The Education Cannot Wait fund (ECW) is also mentioned in the G20 communique. The fund, which Global Citizens have taken over 200,000 actions in support of, provides much needed assistance to children in emergency situations. In a world of escalating crises it will ensure young people are equipped with the learning they need to heal from trauma, find hope and build a brighter future for their families and communities. This recognition of ECW comes in the wake of positive news we heard on the stage last week, delivered by UNICEF’s youngest Goodwill Ambassador and extraordinary advocate, Muzoon Almellehan, that G20 country Australia has recently committed $10 million to ECW.

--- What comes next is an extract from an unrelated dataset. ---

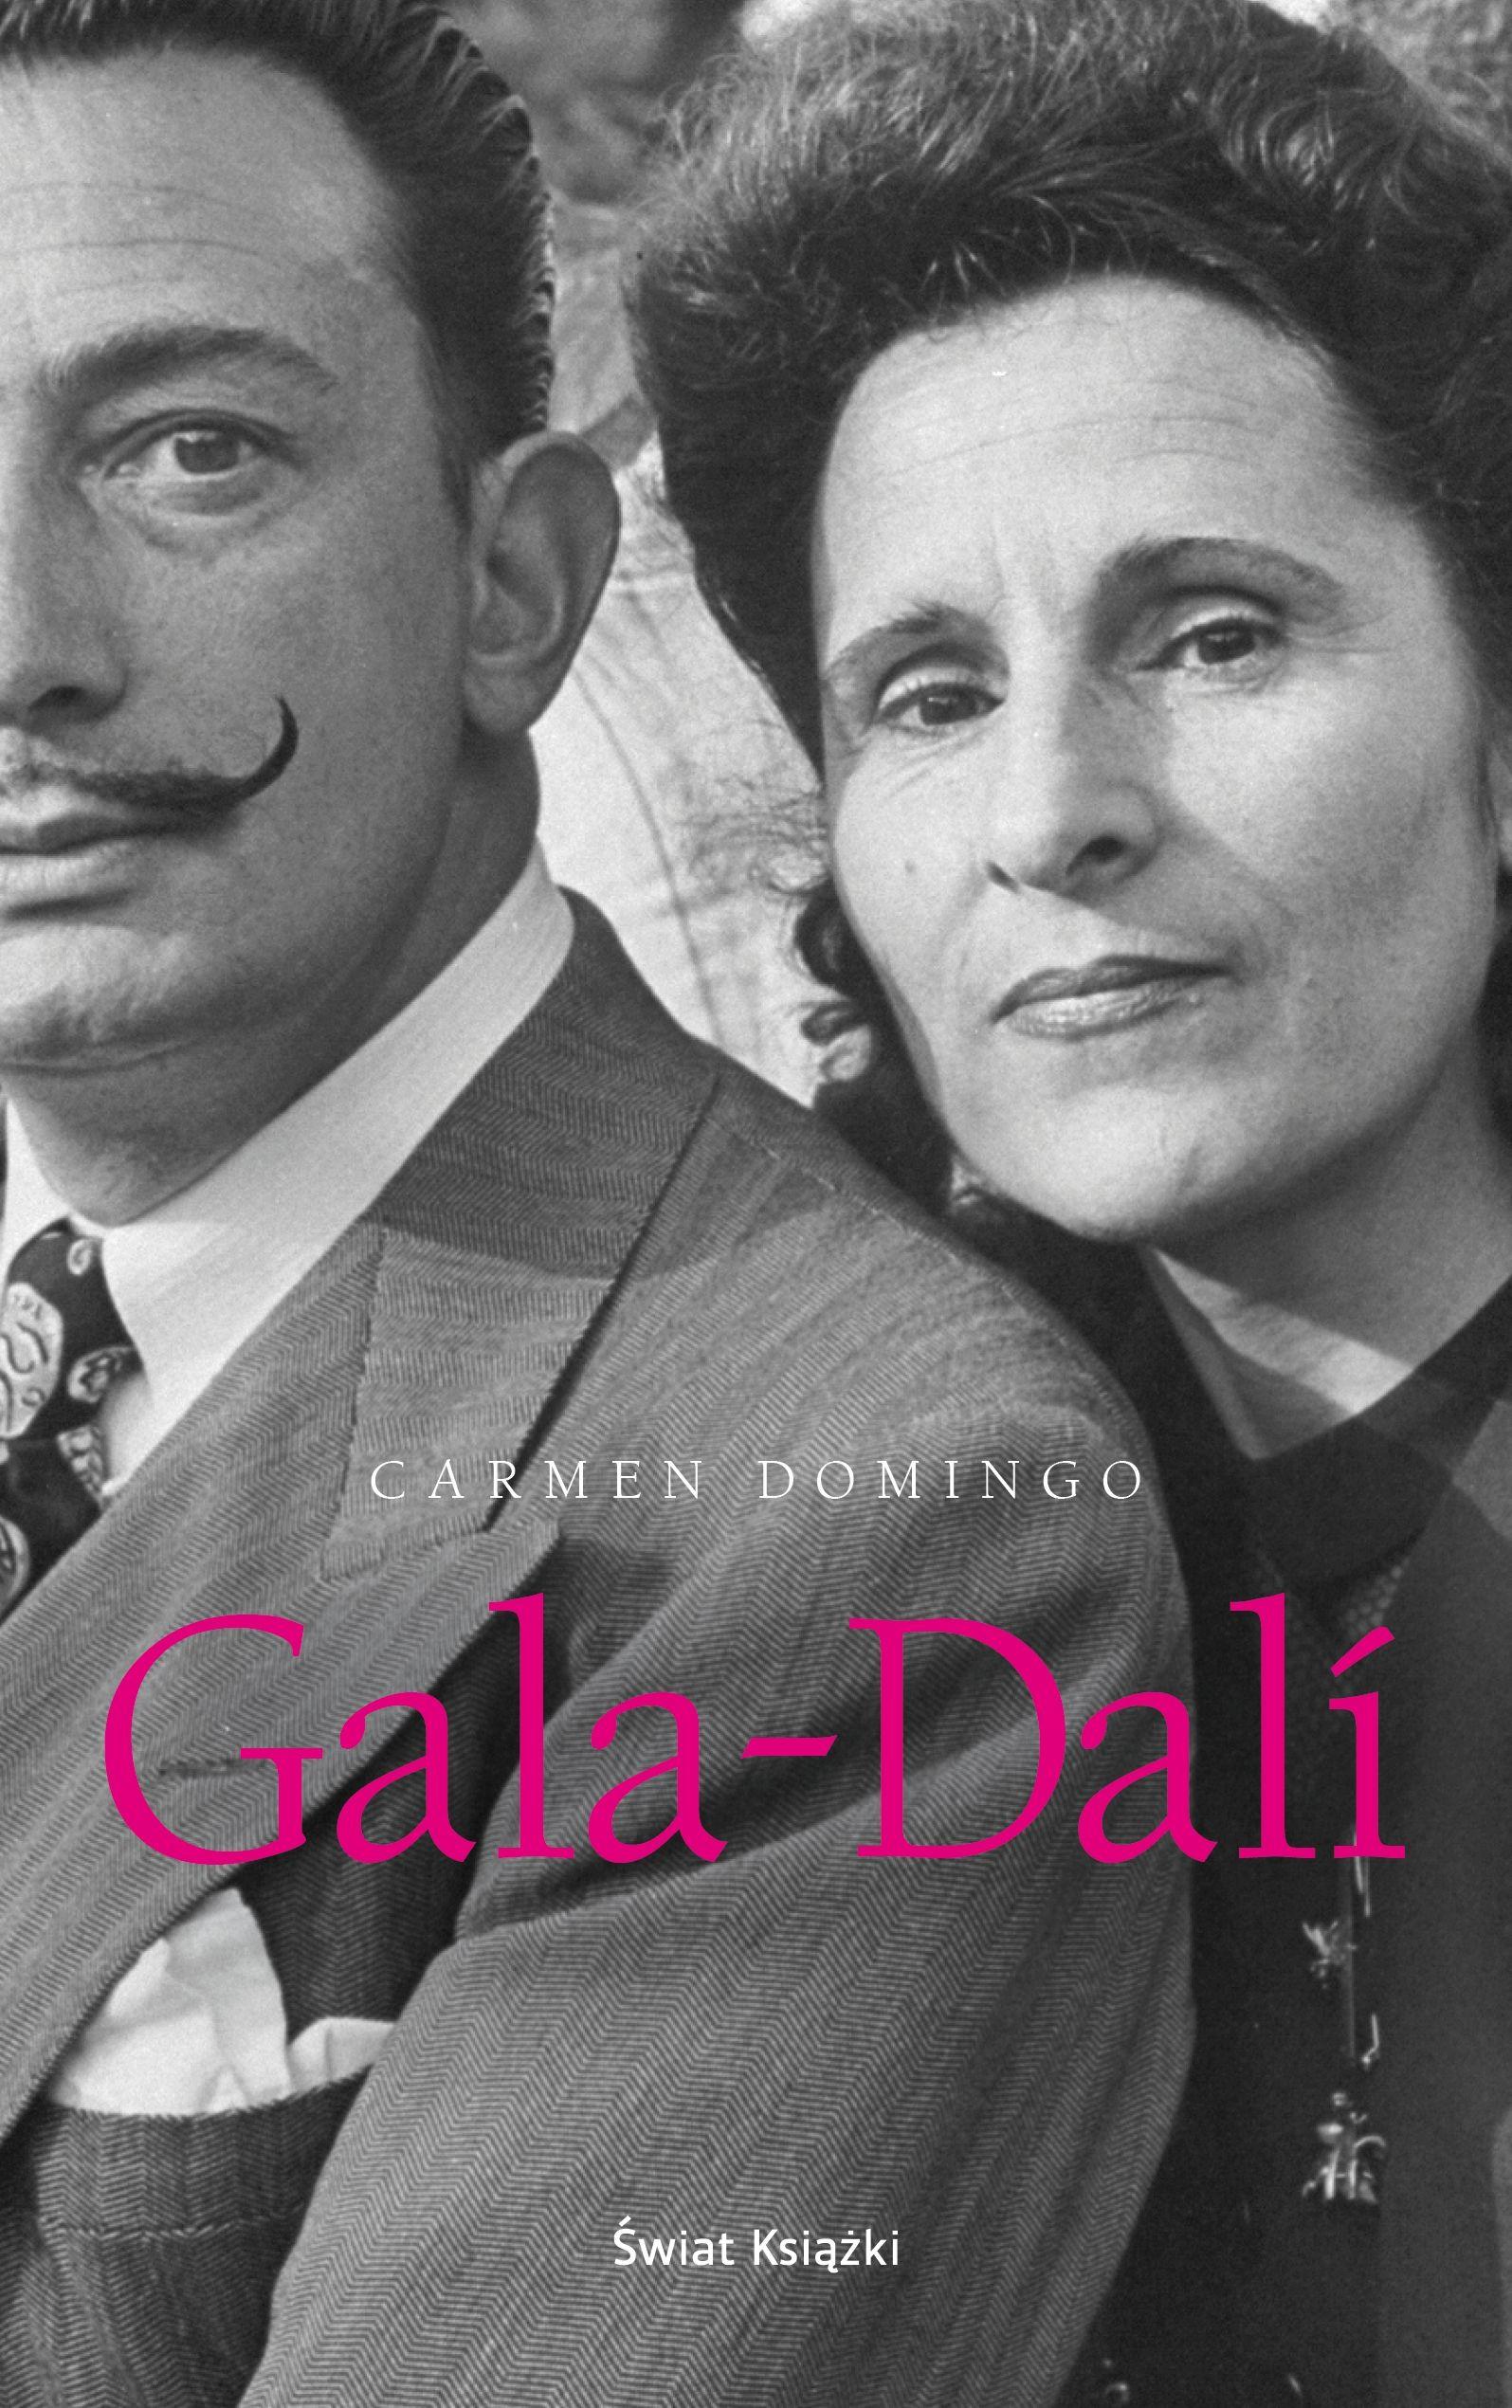 """Artykuł powstał między innymi w oparciu o książkę Carmen Domingo """"Gala-Dalí"""", wydaną nakładem wydawnictwa Świat Książki."""

Finally, we also saw the G20 countries agree to support and shape the development of a new International Financing Facility for Education (IFFed) that can mobilize resources of up to $10 billion so countries can borrow money on more favourable terms from international banks. The Facility, proposed by the Education Commission and spoken about onstage by Gordon Brown, can help fill the gap left in donor financing, support GPE and ECW and scale up much needed resources for education. So that children like Wongani, who reminded G20 leaders on-stage last week that “together is powerful”, get the education they deserve. The communique states that the IFFed, including how it will complement existing mechanisms like GPE and ECW will be explored further under Argentina’s presidency of the G20.

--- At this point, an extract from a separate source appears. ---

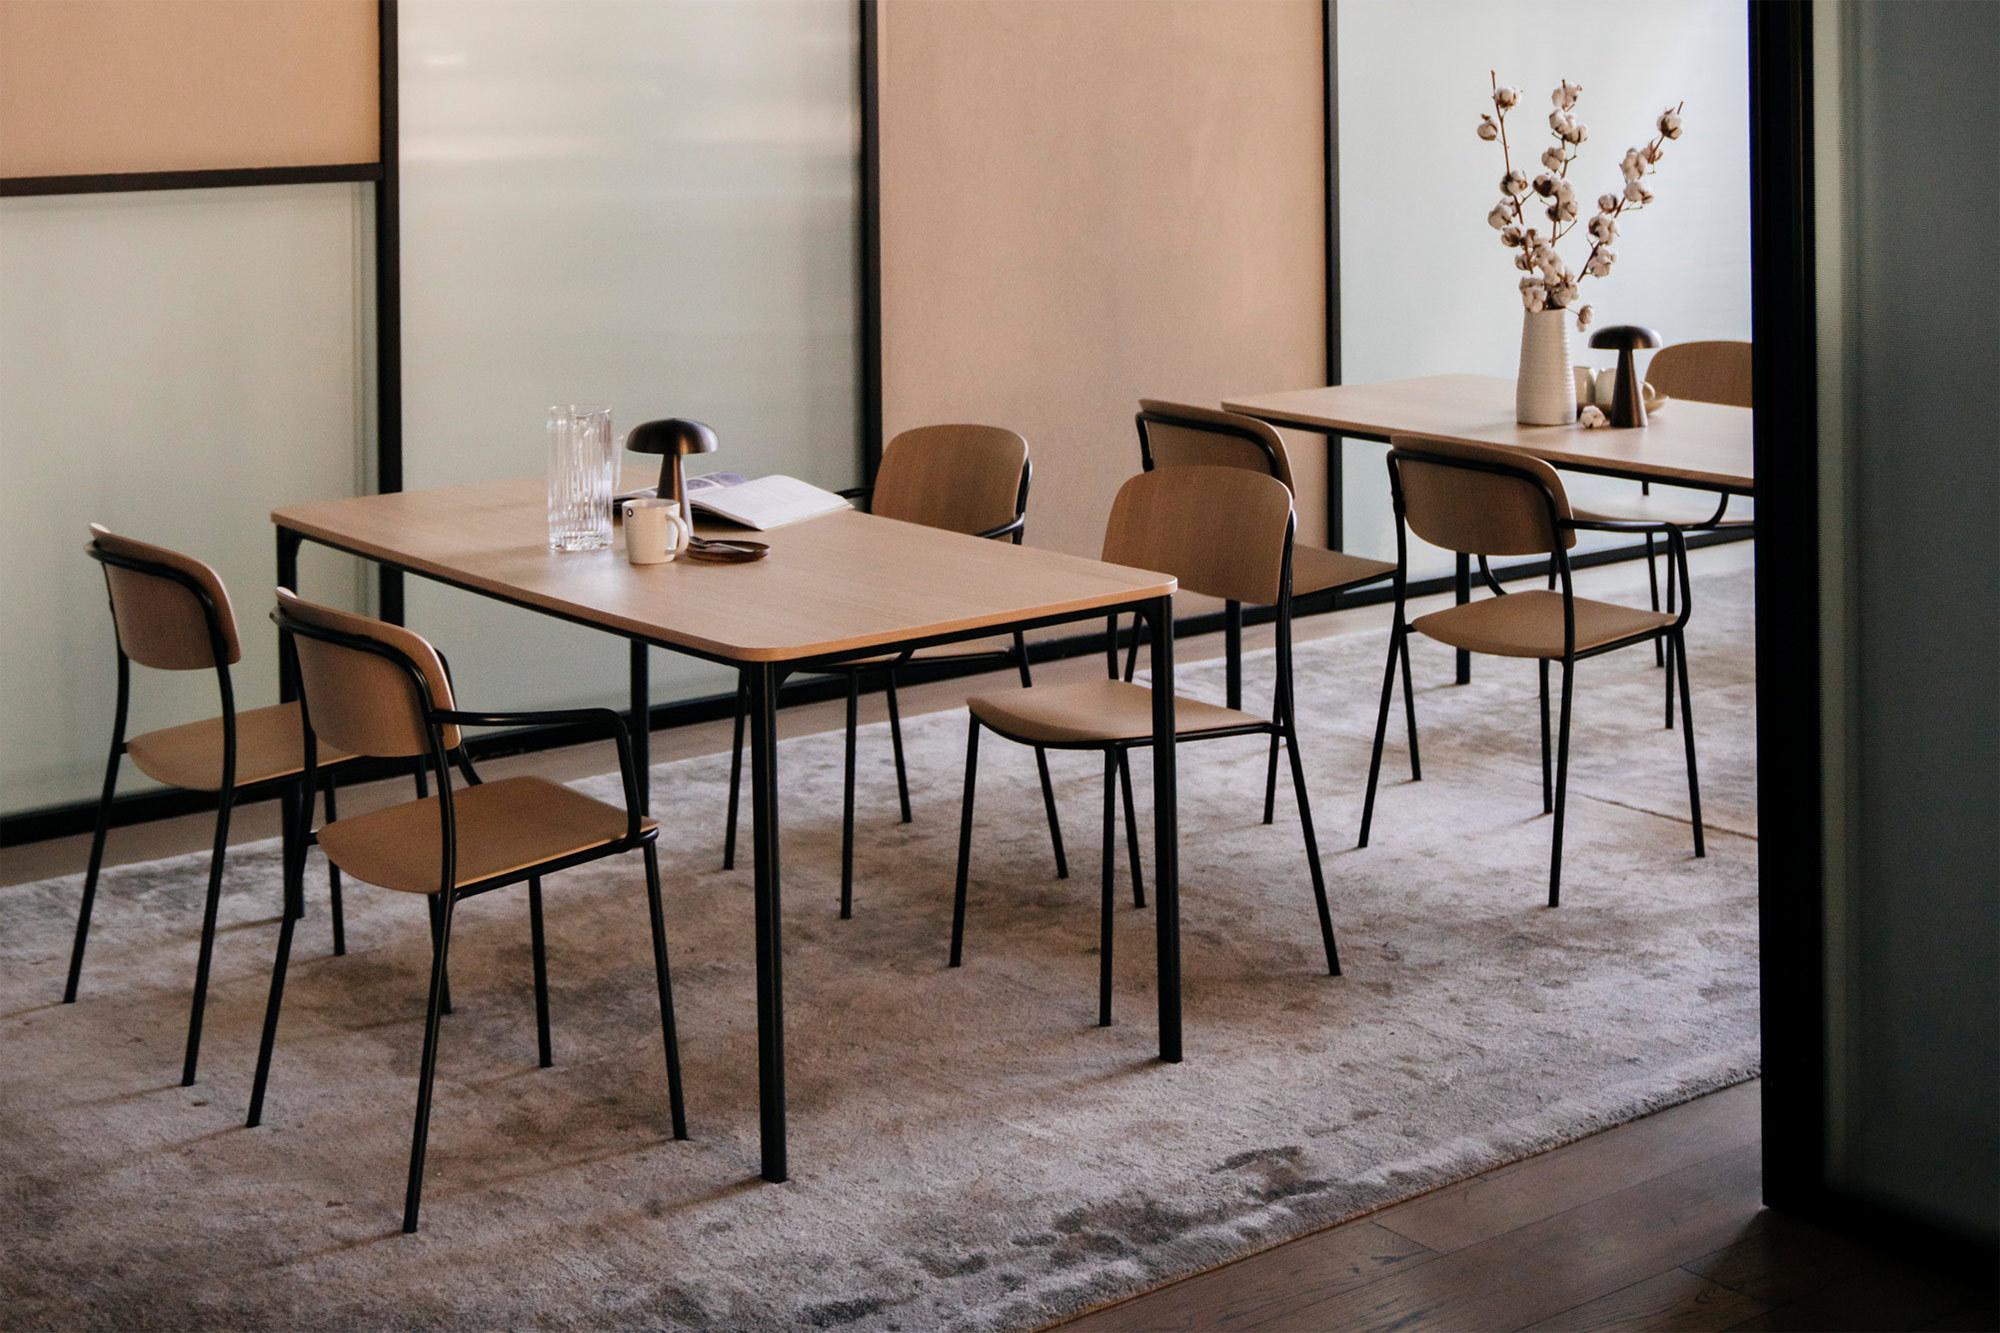 Kollektion nate s von Atelier Steffen Kehrle für den Möbelhersteller Brunner.

So it was lucky that Global Citizens heard this echoed straight from the lips of the President Argentina too. On stage, Argentinian President Mauricio Macri announced that under his stewardship as leader of the next G20 host-country, he intends to expand and innovate global education systems during 2018. And in the communique itself it was outlined that the IFFed would receive focus under Argentina’s leadership.

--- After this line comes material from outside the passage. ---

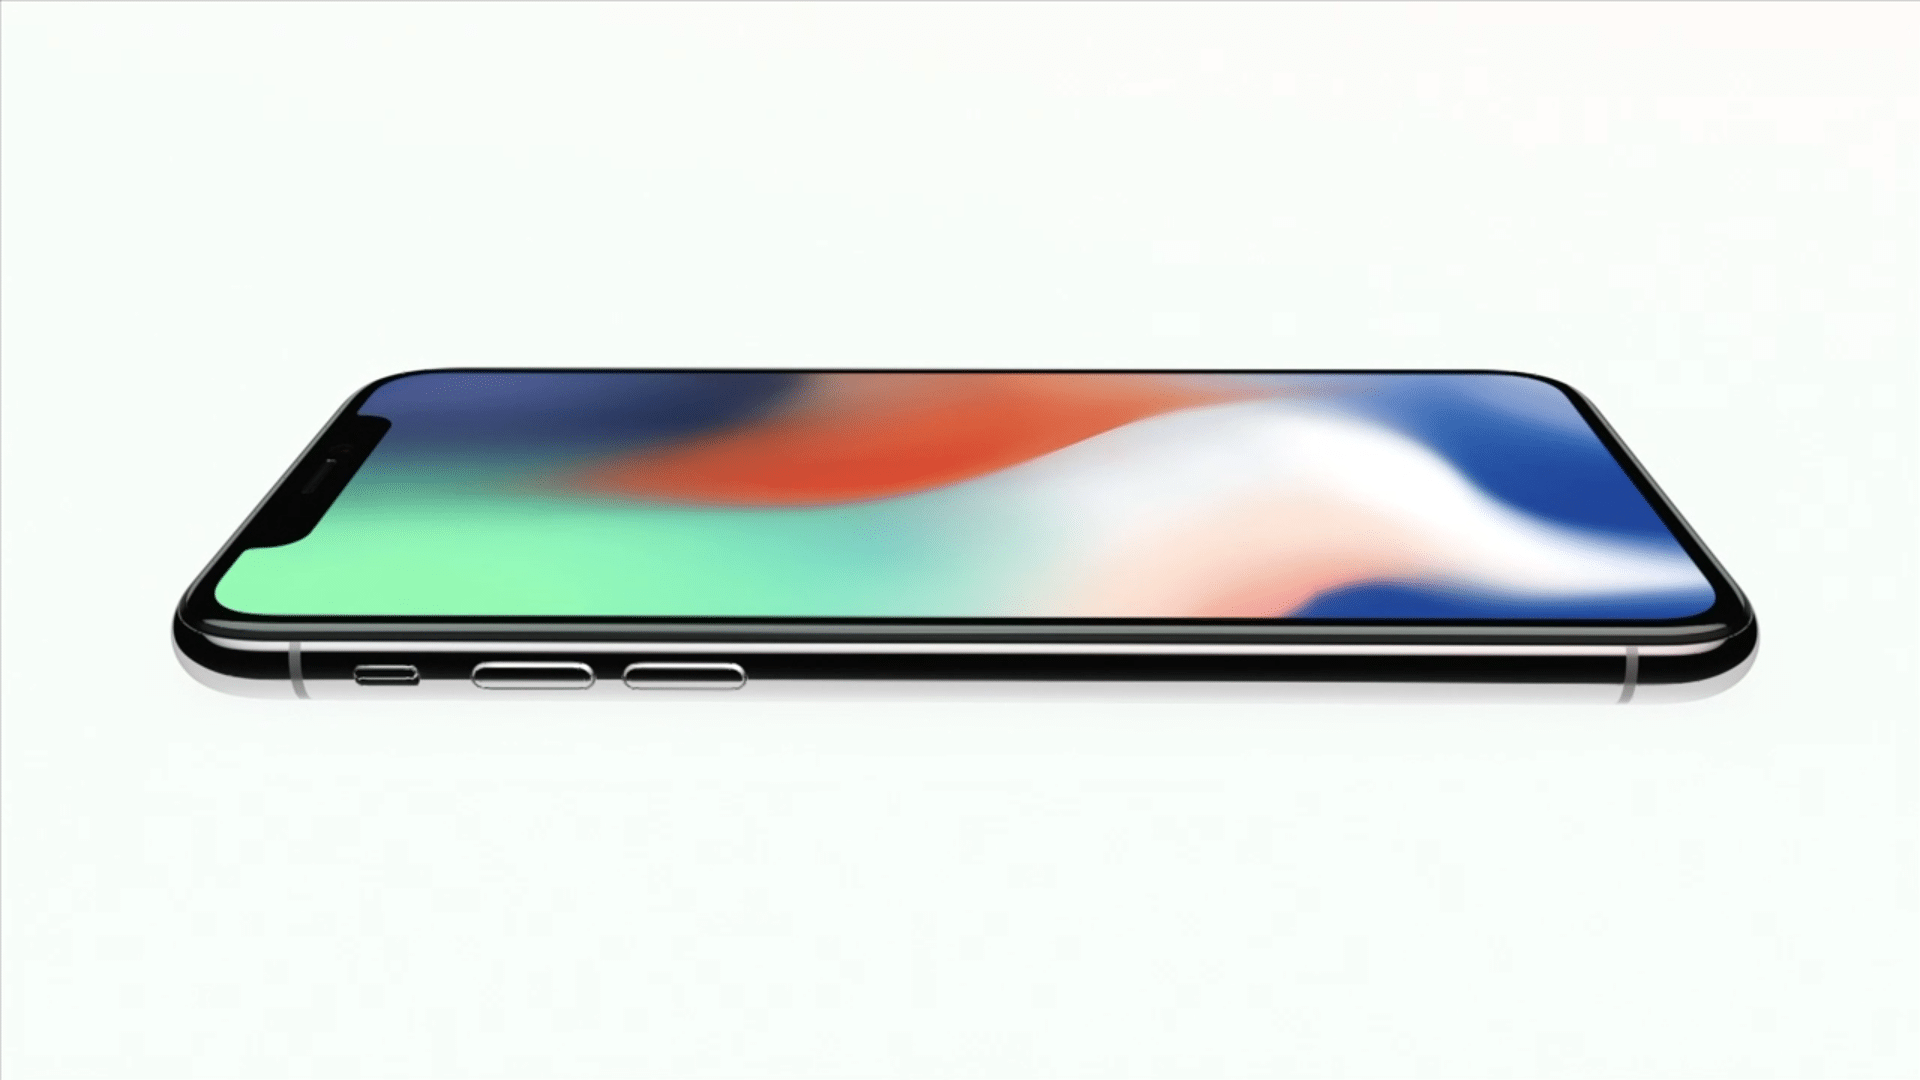 Bild von iPhone 8 und iPhone X vorgestellt – das können die neuen Flaggschiffe

Long time education champion, Prime Minister Solberg summed up the need and value of the heightened support for education best, when she declared at Global Citizen’s education reception that education— particularly girls’ education— is key to ending poverty, and can have the greatest impact across all of the Global Goals. She went on to commit onstage that Norway would lead by example and invest more in the GPE, Education Cannot Wait and IFFed. After years of education being sidelined, it will be great to see it given a higher priority in coming years by the G20.  

FAMINE RELIEF

Yet there is still much more to do. As a result of over 23,000 actions taken by Global Citizens, the US government committed $639 million toward famine relief over the weekend. But no formal statement was written into the G20 communique on the importance of making long term investments to prevent us facing another famine in the future like the one we face today which sees 20 million people “just months from starvation” according to the UN. We must put pressure on world leaders to address the challenges of hunger and malnutrition for a world where over 700 million no longer go to bed hungry every night.

“We might have our differences politically, religiously and culturally”— David Beasley, Executive Director of the World Food Program, rallied from the Global Citizen stage in Hamburg — “but you and I together must show the world that we as Global Citizens are united to save children all over the planet. Let us love our neighbors. Danke Global Citizens!”